Refering to a paragraph name or section name Randall says
<<
A header comes right after a separator period.
>>
and then very effectively enumerates the kind of preceding things which would
have the period. Thats very right. Except, ...
My frame of reference is tilted from yours. My theme is that we are not
compiling all possible valid programs, we are compiling all possible
programs, period. :) (The English language emphatic 'period' is meant as a
pun). And the glyph is meant to send your paren balancer off scope.
So let me change the phrasing, twice. The first approach is that "a
separator period comes right before the header." The second approach is that
"a separator period SHOULD come right before the header."
In the old world, the compiler can use the A-margin to help out. I confess
that I am a little confused by the examples depicting procedure headers
floating around in various places, with posted text describing them as
acceptable. My confusion is that I can not tell if you are saying that stuff
is valid code now. Is that COBOL-85, or dialectic extension?

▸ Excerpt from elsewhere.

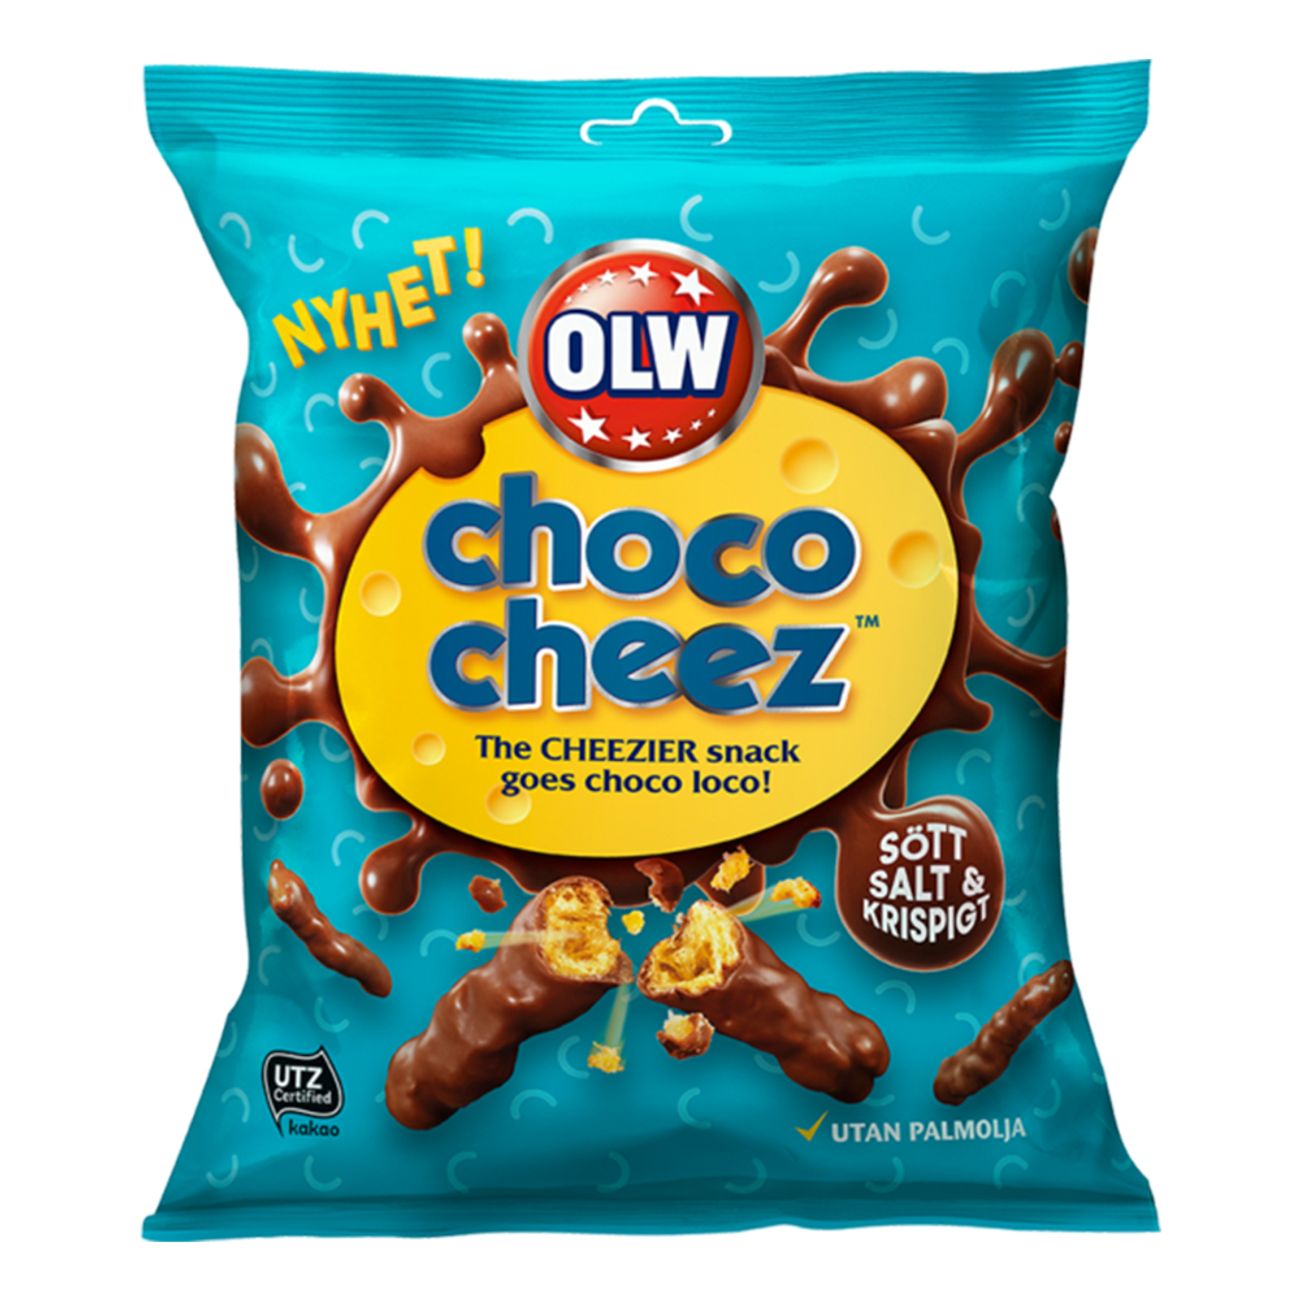 olw-choco-cheez-1

So anyway this is a narrow focus. Randall's posting has a much more
exhaustive treatment of the subject. But today on conservative compilers a
paragraph that ends without a period causes a warning. There may be numerous
techniques to sense this problem and stay on your feet, but,... In the new
world it will not be easy. For example, an ADD statement (which could
certainly be at the end of a procedure) is allowed to have multiple targets.
A simple ADD would be
ADD a to b.
But lets say you want to add a current amount to an employee total, a
department total, and a division total. COBOL allows
ADD a to b, c, d.
Permit me to strip the optional commas for clarity.
ADD a to b c d.
There is supposed to be a period on the end of that if it is the last thing
in a paragraph. So my point is what if there is not. I will format it as
A-margin and B-margin; but assume the following is free format
ADD a to b
c
d
e.
Is e a procedure name (a paragraph name) or an undeclared data item.

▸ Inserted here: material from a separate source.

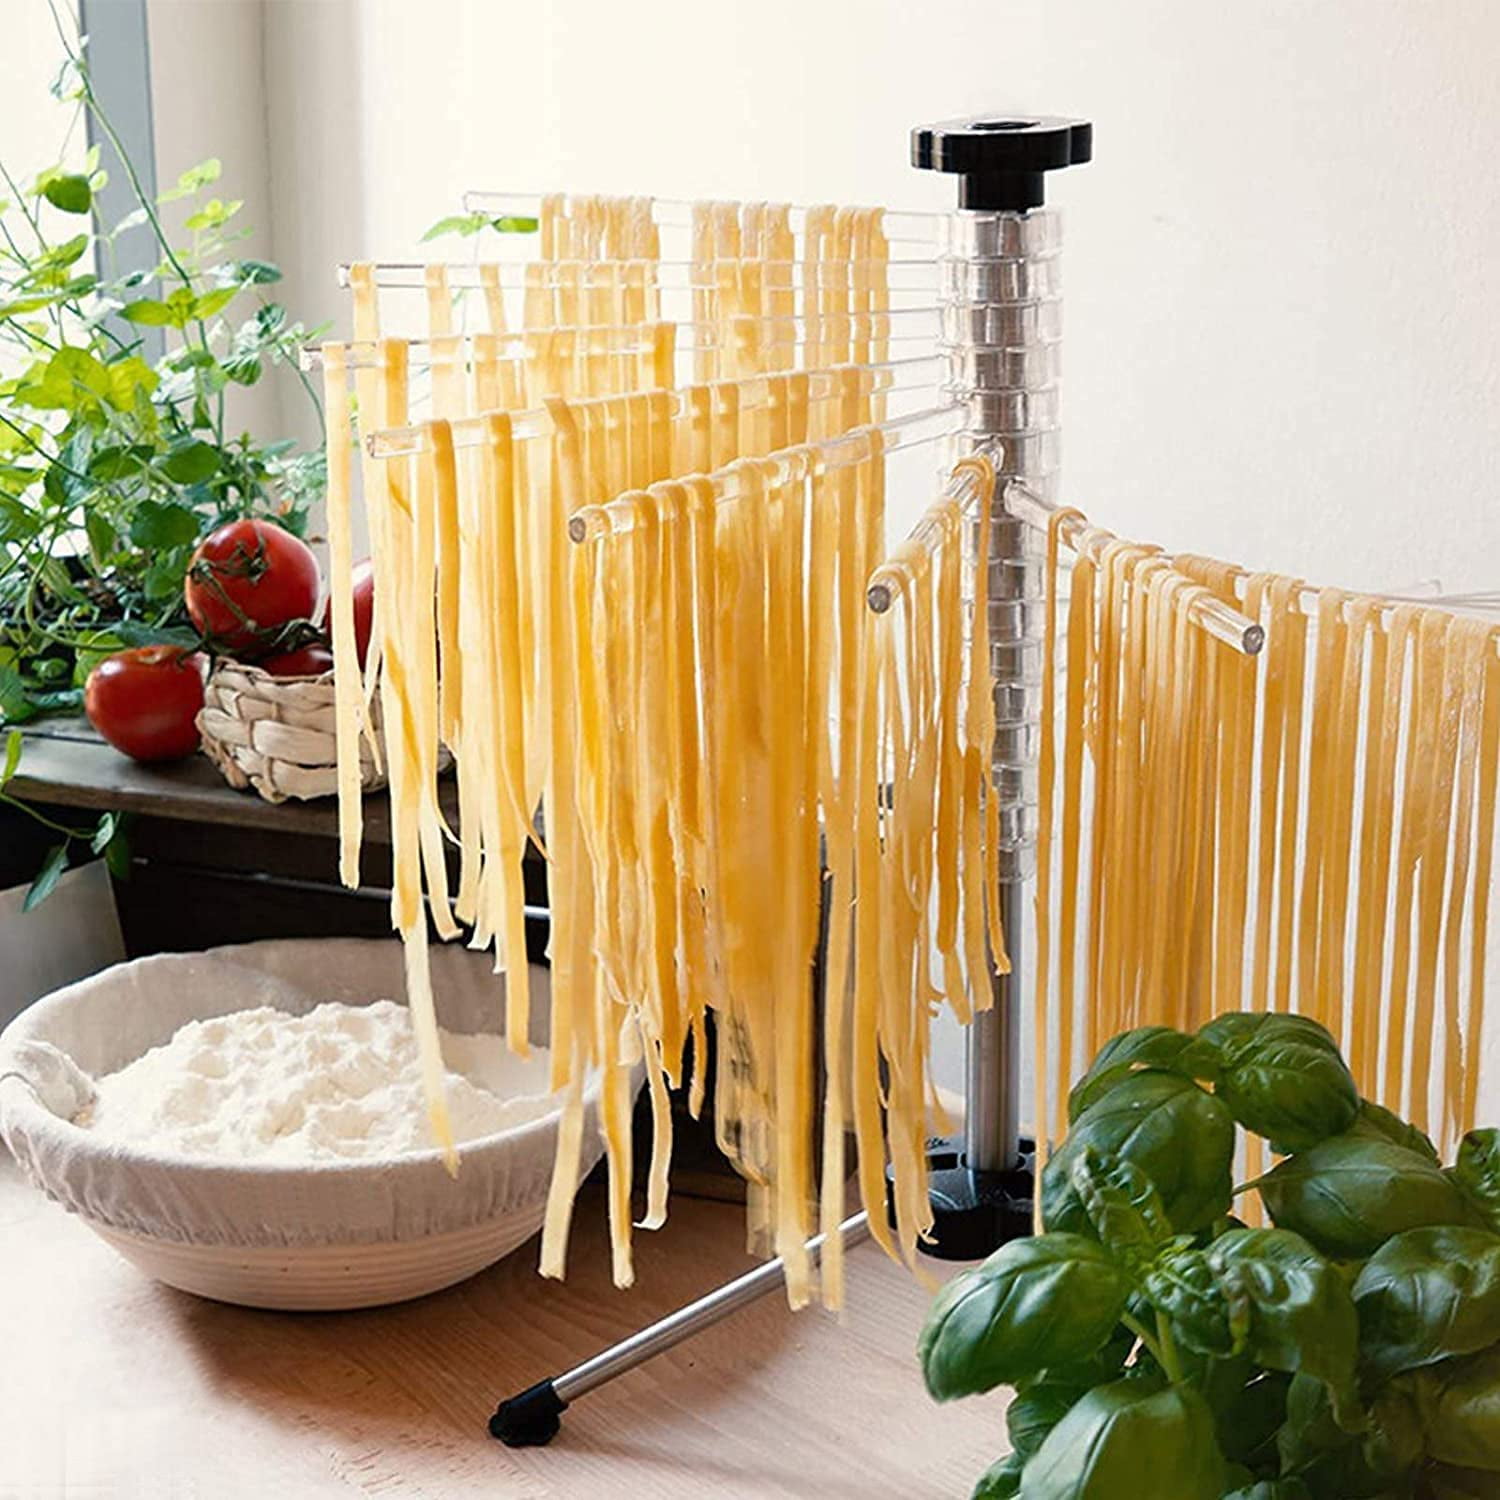 My DIY Pasta drying rack : r/pasta

In the following I chop the period off the e, and suggest that _maybe_ a
SECTION token follows:
ADD a to b
c
d
e
[SECTION]
So what would all that code mean. If c were mispelled, is it a reference to
an undefined data item or a paragraph/section name. If we get wild because of
c mispelling, then what are we going to think of d and e. In the old world
the redundancy of the margin did provide a _possible_ elleviation.

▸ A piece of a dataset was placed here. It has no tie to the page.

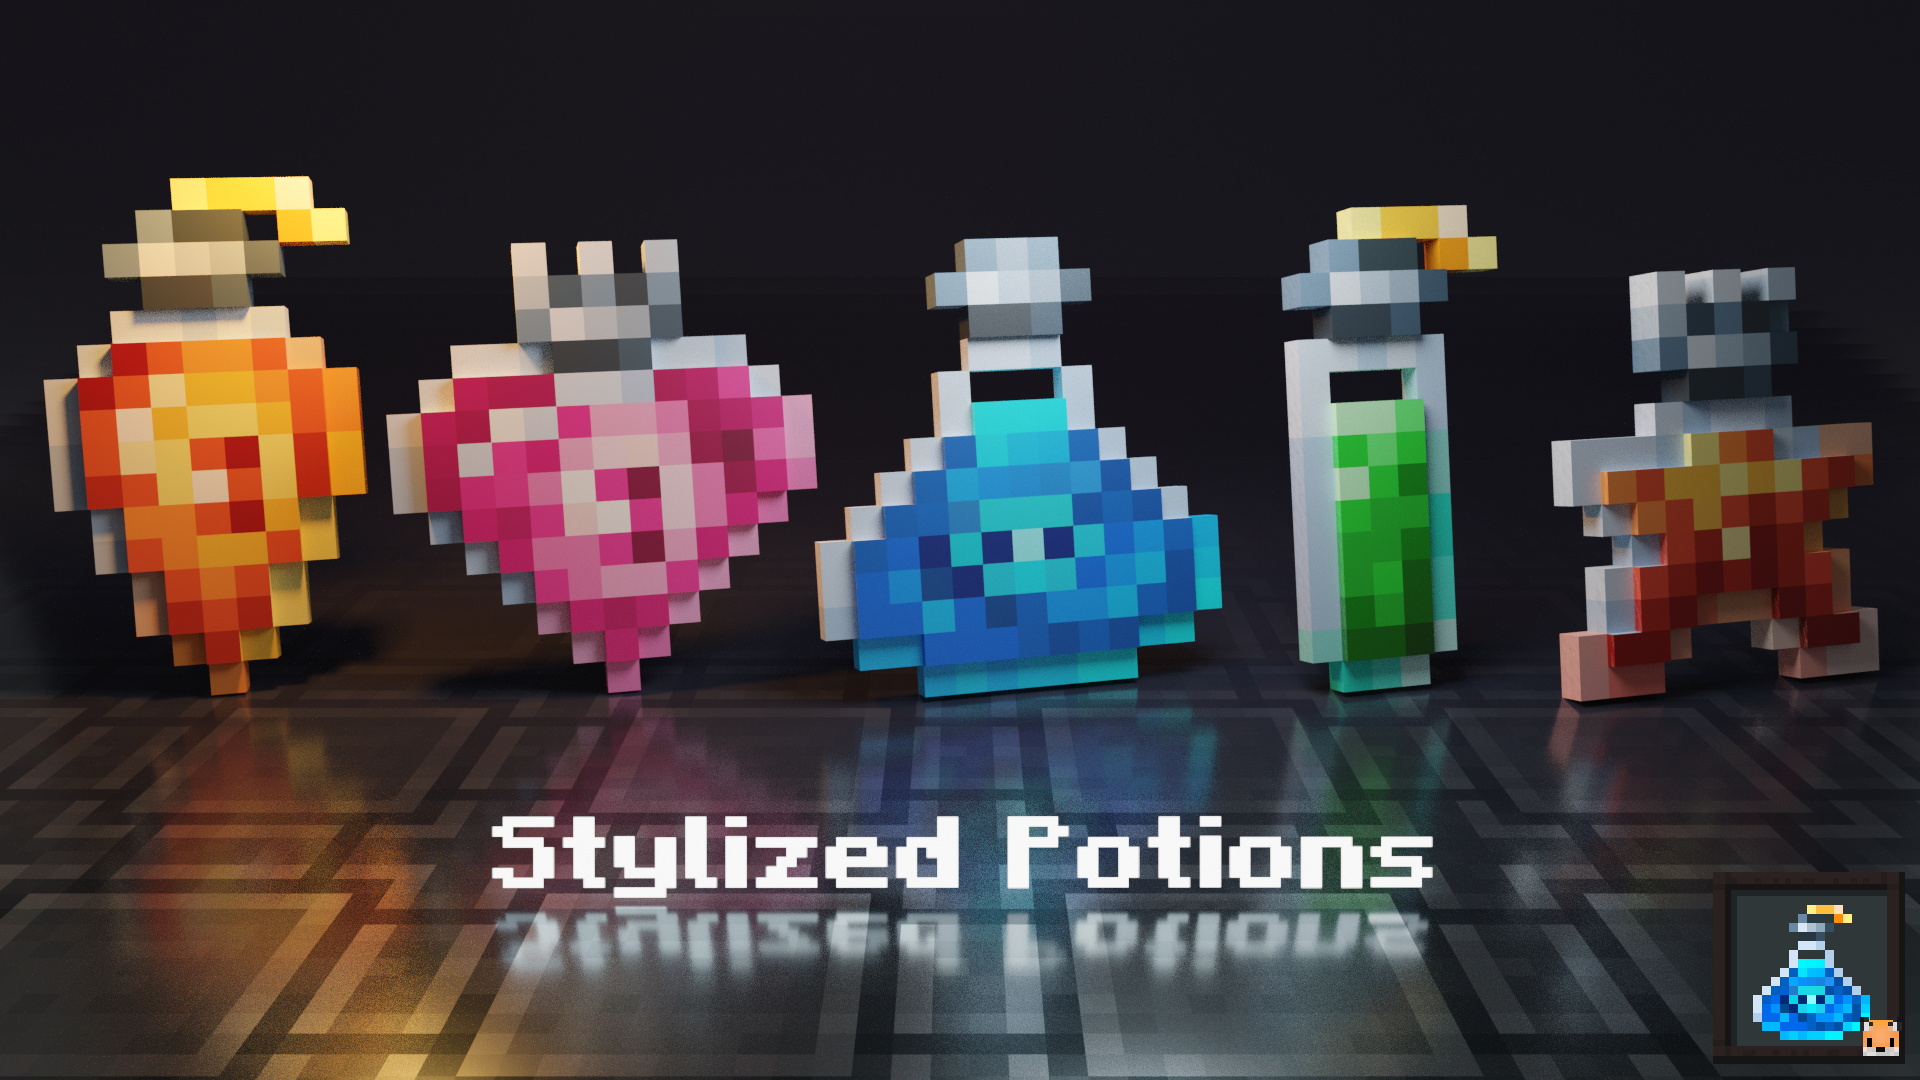 Stylized Potions screenshot 1

If that is just a syntax issue, then someone will code the grammar rule or
lex mechanism to catch it or limit the effect. But that was not the issue I
had hoped to be discussing in the original post.
Back at the farm we occassionally discuss whether there will be separate
parsers for each of the divisions. If we do that then some means must be
devised to sense the division separators and pass those markers on to the
individual division parsers.
There is no design or current code to this effect, but discussion seems to
guess that the preprocessor could be the separator detector. In some of those
discussions, someone suggested that we can identify each procedure division
section and paragraph in that early phase. Leading to the possibility of
distinct parses for each procedure. I did not originate that notion but it is
very powerful. My comments about new world marginless free format followed
that sequence. I do not think it is impossible to deal with this situation,
I am just saying that the gravitation of the collection of code to a
period-less style, and the float of the procedure headers (section and
pragraph names) are phenomena on a collision course. And it crunches together
on the desk of the lucky person who perfects the preprocessor (or wherever we
try to sense the separators).
Randal has a better perspective than I on this, and a wider one. But I hope
we can merge the aspect that it is all possible programs that we are
digesting, not just the good ones. The periods you elucidate are all
putative. The compiler must deal with their absence in each an every
situation you are kind enough to list!
But yet still my narrow focus was dramatically more telescoped in on an
ittsy-bittsy point. What I really said was that this whole problem,
periodlessness and header float, is much more difficult to deal with in code
portions that have unbalanced parentheses.
My idea of the unbalanced parentheses detection is really a safety mechanism.
It is one of my trump cards in the backtracking undertow around here. You
see, I hate error recovery modes in parsers (that is my failing, surely). But
error recovery modes mean unstable compilers to me, and dissatisfied tool
users.
The things in our grammars that correspond to arithmetic expressions, boolean
expressions, subscripting, reference modification, and function invocation
stand naked and very exposed to unbalance parentheses. To say nothing of pic
clauses!
If we can, I suggest that we atleast try to detect unbalanced parenthesis as
early as at all possible. I would consider treating it entirely differently
than normal code. And _that_ notion fits the discussion of distinct parsers
for each division (and possibly each section, and possibly each paragraph).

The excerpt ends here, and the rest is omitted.